Essence Atkins has one of the most recognizable faces in Black Hollywood. Since catching the acting bug as a young girl, we’ve seen Atkins do everything from television commercials to playing opposite former teen star Tahj Mowry in Disney’s hit sitcom, “Smart Guy,” and later starring in UPN’s “Half & Half.”
The model-turned-actress went on to land a starring role alongside Terry Cruz in the television adaptation of “Are We There Yet?” and is now appearing in Will Packer’s hot new soap opera, “Ambitions,” on the Oprah Winfrey Network.
“Ambitions” offers Atkins an opportunity to shed her often inexperienced, good girl character type to play a more layered role. When introduced, Atkins’ character, Amara Hughes, is in the process of attempting to revive her failing marriage. Instead of following the stereotypical script, this marriage is suffering from infidelity after a conflicted wife has a workplace affair.
Atkins shared with rolling out her thoughts on the roles for Black women showcased in television and film.
Did you enjoy playing a role where the woman was the one who cheated and destroyed the trust in the relationship instead of the typical cheating husband and wounded wife?
Absolutely. The thing is they are not one-dimensional [characters]. No one is all good or all bad. Everyone makes mistakes. Everyone grows, learns, falls — it’s not exclusive to men or women. I loved being able to play a flawed woman who has all these layers and being able to introduce the audience to her journey to rebuild her marriage. … It’ll be intriguing to see how [they] restore that trust or even if they are able to do that.
Hollywood responded to the #MeToo movement, but many feel that Black women were left out of the conversation. Do you believe that’s true?
I think women of color have a harder time being heard, and the climate and culture are such that historically we’ve been treated as objects for sale. There is less of a “preciousness” when an infraction is committed against us. From the women that I know who have experienced sexual assault or misconduct, there is always this guilt or shame that they experience. One of my best friends, Gabrielle Union, is a sexual assault survivor, and even though she was raped at gunpoint in her uniform while on the job, there are still questions from people not familiar with the story like, “What was she wearing?” Like there is always an assumption of guilt rather than innocence.

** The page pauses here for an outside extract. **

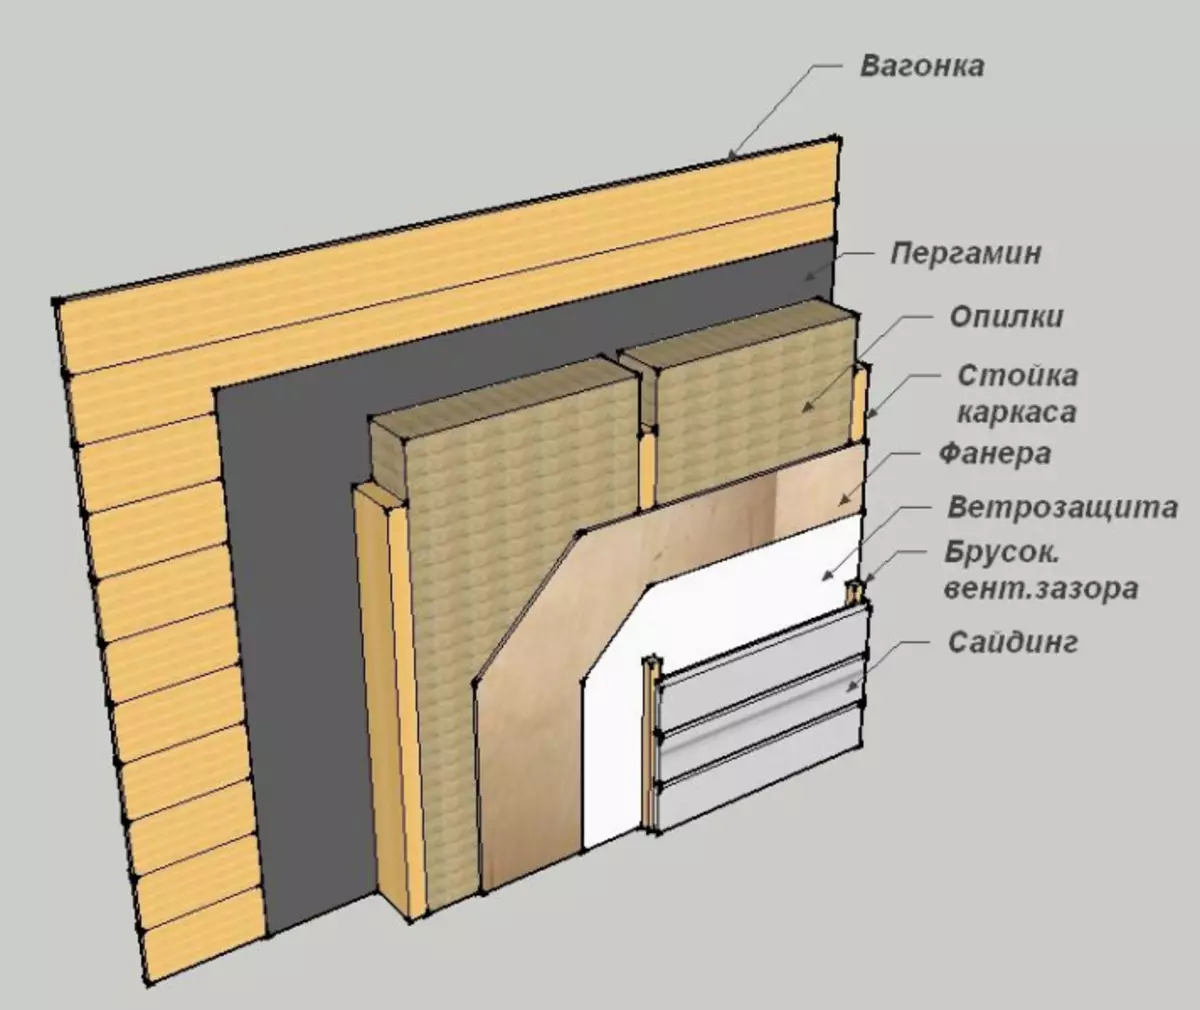 Правильно утеплить стены изнутри. Схема утепления стен изнутри деревянного дома. Схема стен с утеплителем внутри. Схема утепления стен деревянного дома внутри. Схема утепления стен парилки.
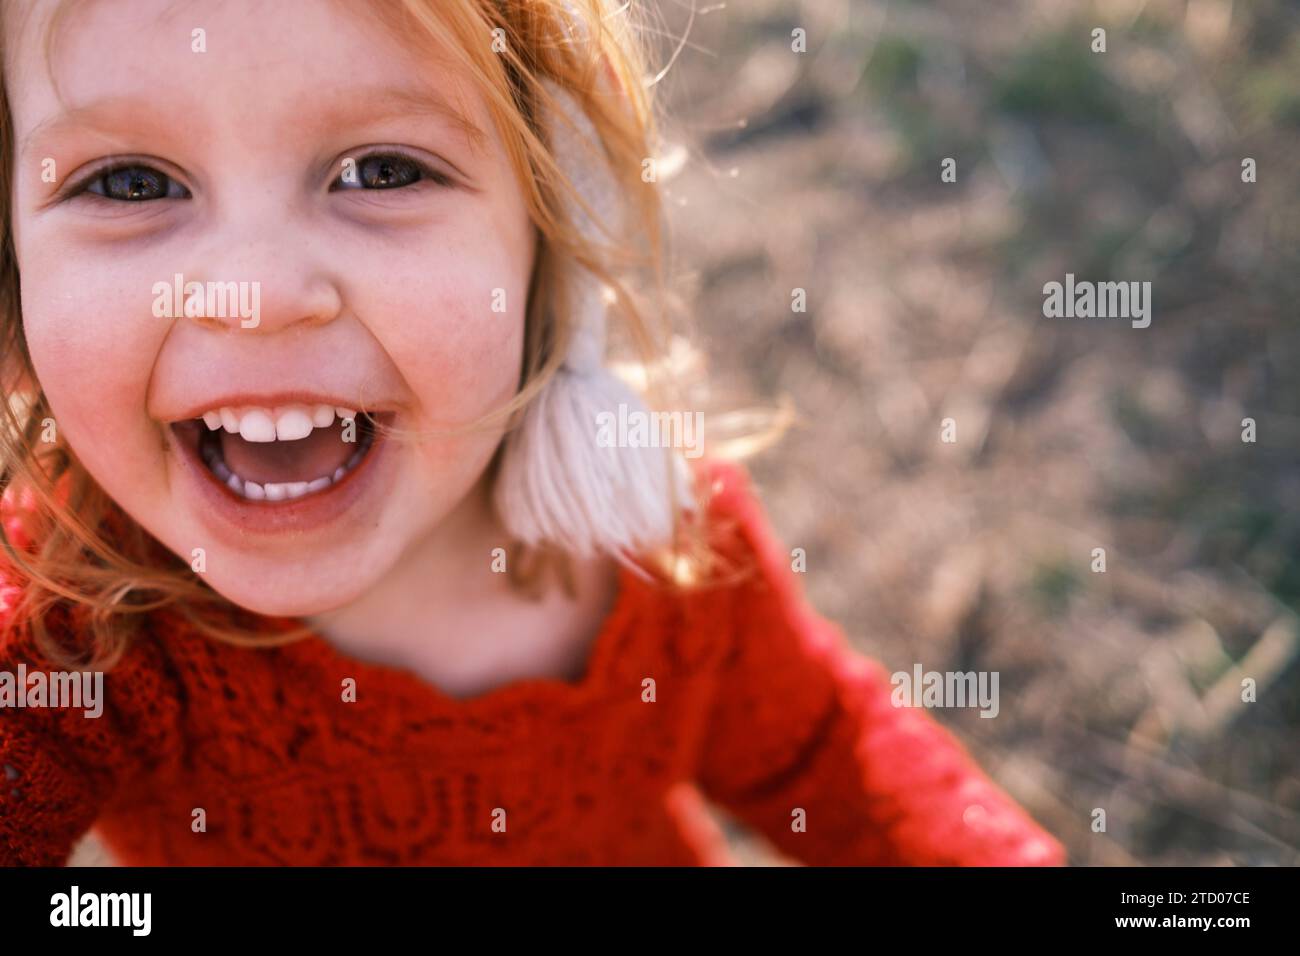 Heureux enfant souriant, regardant la caméra avec des yeux innocents Banque D'Images

When it comes to your body and the violation of it, that’s such a great travesty of justice to have your innocence questioned out [of] the gate. So I’m glad that we’ve seen a shift in positions of power so that now there are at least places to go to if a woman experiences something like that instead of being dismissed like in the past and even recently by 45, like it was just some type of locker-room talk that we have to accept.
Recently you praised the show for the unpredictable lesbian storyline and the reaction from other characters. What made it special?
I am going to give you guys the inside scoop on that ’cause when we read [the script] we were … all just really excited about the fact that that’s how they wrote Stephanie’s reaction [to finding out her daughter is a lesbian]. It was like, “It’s really not about you being gay. It really is about you can like girls — just not that girl.”
It’s really about the family … and the fact that they’re two women is not of concern to the players. So I’m really proud of that aspect of our storytelling.
What has kept you working and relevant in this business for more than 20 years?
I wouldn’t say that I haven’t been affected by any ups and downs, but I’m blessed to have been able to work consistently. I was taught to be professional at all times and you have to value your relationships. That goes a long way. You show up on time, you give your all and you hope for the best, and for me, that has worked.
If you could speak to your younger self in terms of your career, what advice would you give yourself?
You don’t have to be the hare; the tortoise wins the race. It’s OK that you’re not keeping up with the Joneses. … Run your own race, and that’s perfectly fine, and trust that because acceleration, when you are not prepared, is devastation.